• Source: Dan Jack Combs
    • Dan Jack Combs (August 22, 1924 – May 25, 2002) was a justice of the Kentucky Court of Appeals from 1983 to 1989 and the Kentucky Supreme Court from 1989 to 1993.
      Combs rose to national prominence by successfully defending Appalachian Volunteers Margaret and Alan McSurely against charges of sedition in a case that took 15 years to fully adjudicate. After a long legal career, Combs unseated incumbent Elijah M. Hogge for a seat on the Kentucky Court of Appeals. In 1989, he challenged incumbent James B. Stephenson for his seat on the Kentucky Supreme Court. During the campaign, he attacked some of Stephenson's previous opinions in violation of a state judicial code that forbade judicial candidates from stating opinions related to cases they might later be asked to rule on. After the election, which Combs won, he was suspended for three months for violating the code, but the suspension was not carried out because Combs appealed the constitutionality of the code and eventually succeeded in overturning it.
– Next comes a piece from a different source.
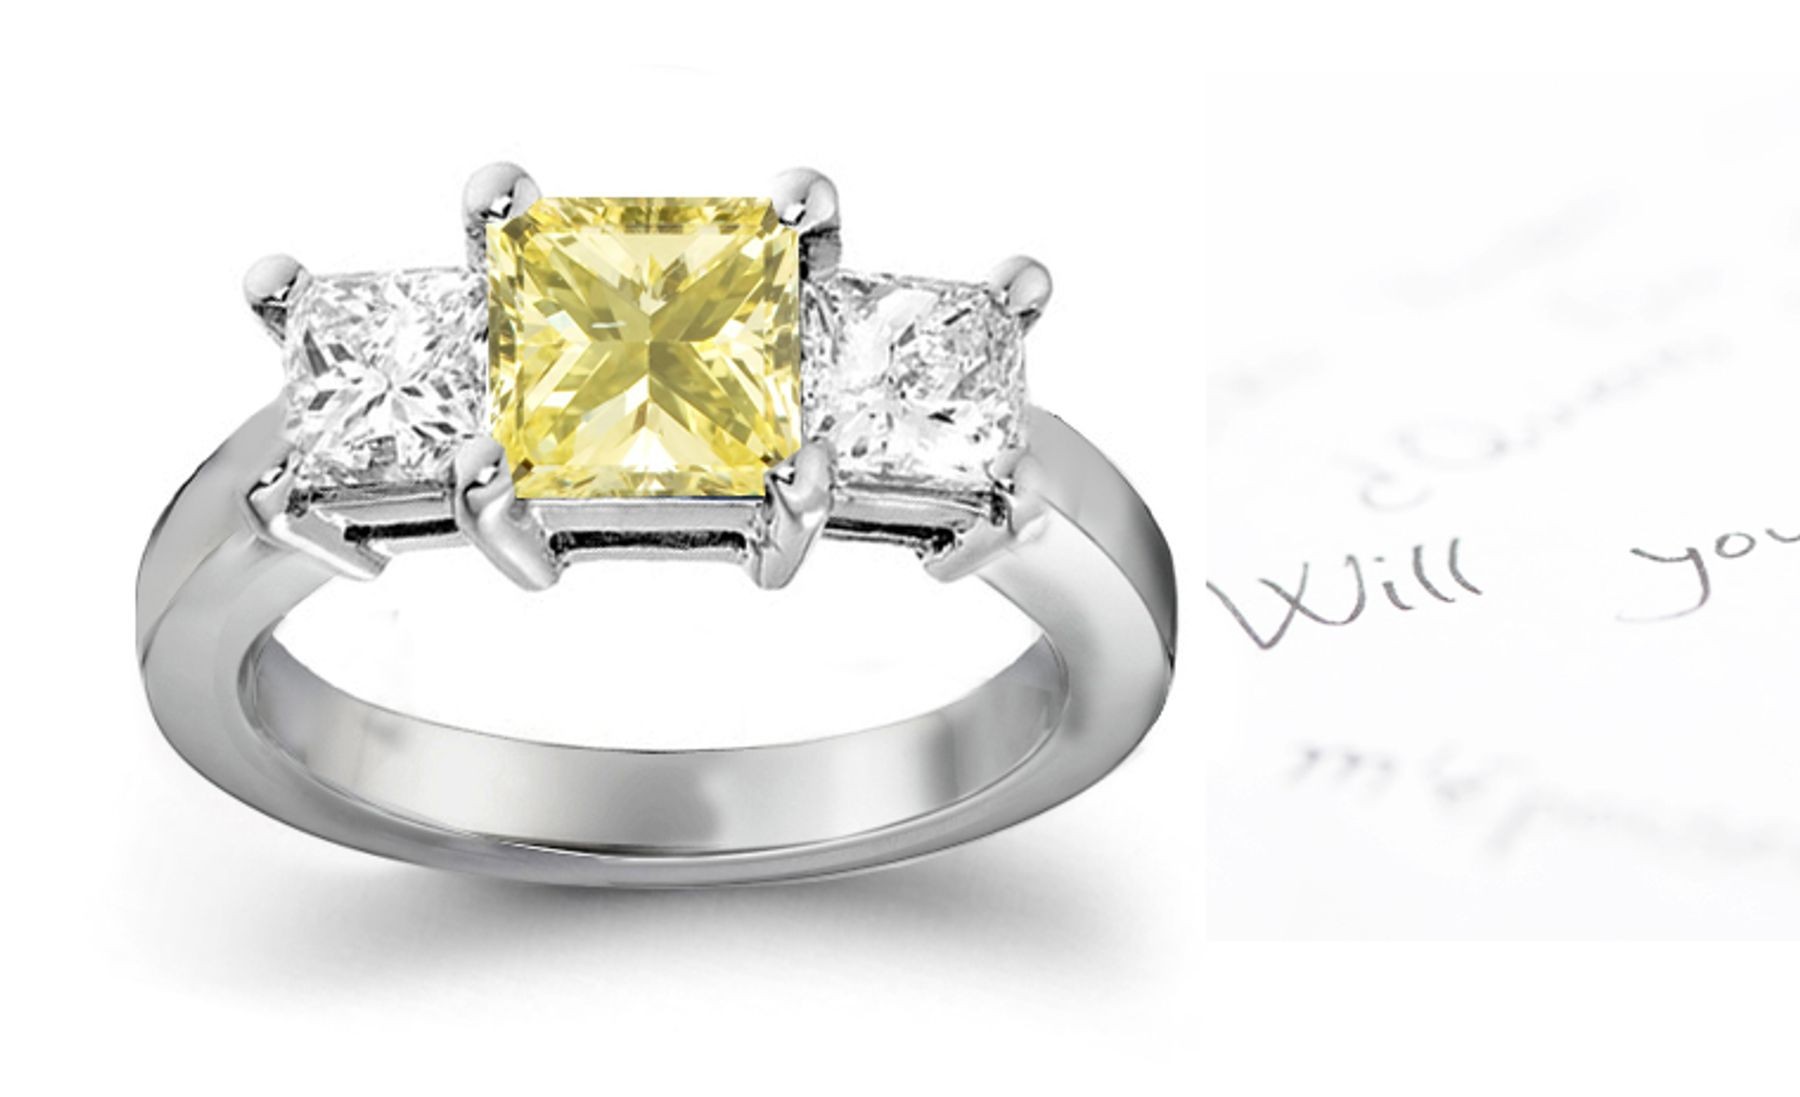 Premier Colored Diamonds Designer Collection - Yellow Colored Diamonds & White Diamonds Fancy Diamond Three Stone Engagement Rings

      Throughout his tenure on the court, Combs was known as being sympathetic to unpopular litigants and causes. He retired from the court in 1993, citing ill health stemming from a motorcycle accident and two strokes. In retirement, he was twice arrested on marijuana-related charges. He admitted using the drug medicinally to help with insomnia and became an advocate for its legalization. He died at home on May 25, 2002.


      Early life and family


      Combs was born August 22, 1924, in Floyd County, Kentucky, to Albert Ghent and Hettie Gilliam Combs. His father worked in the coal mines and was killed in a rockfall, leaving his mother to raise him and his four siblings.
      Combs served in the United States Naval Air Corps during World War II and was discharged in 1947. After helping combat flooding near the town on Betsy Layne, Combs and some friends purchased a bottle of whisky before returning home. Although Combs said he had only taken one drink, he was arrested for public intoxication; he said he believed his muddied appearance led the arresting constable to assume he was drunk. In jail, he decided to forego re-enlistment in the Navy and enter the legal profession to correct what he saw as injustices in the legal system. After completing a law curriculum at Cumberland University in Lebanon, Tennessee, he was admitted to the bar in 1951 and began practice in his native Eastern Kentucky. He received his juris doctor degree from Samford University's Cumberland School of Law in 1969.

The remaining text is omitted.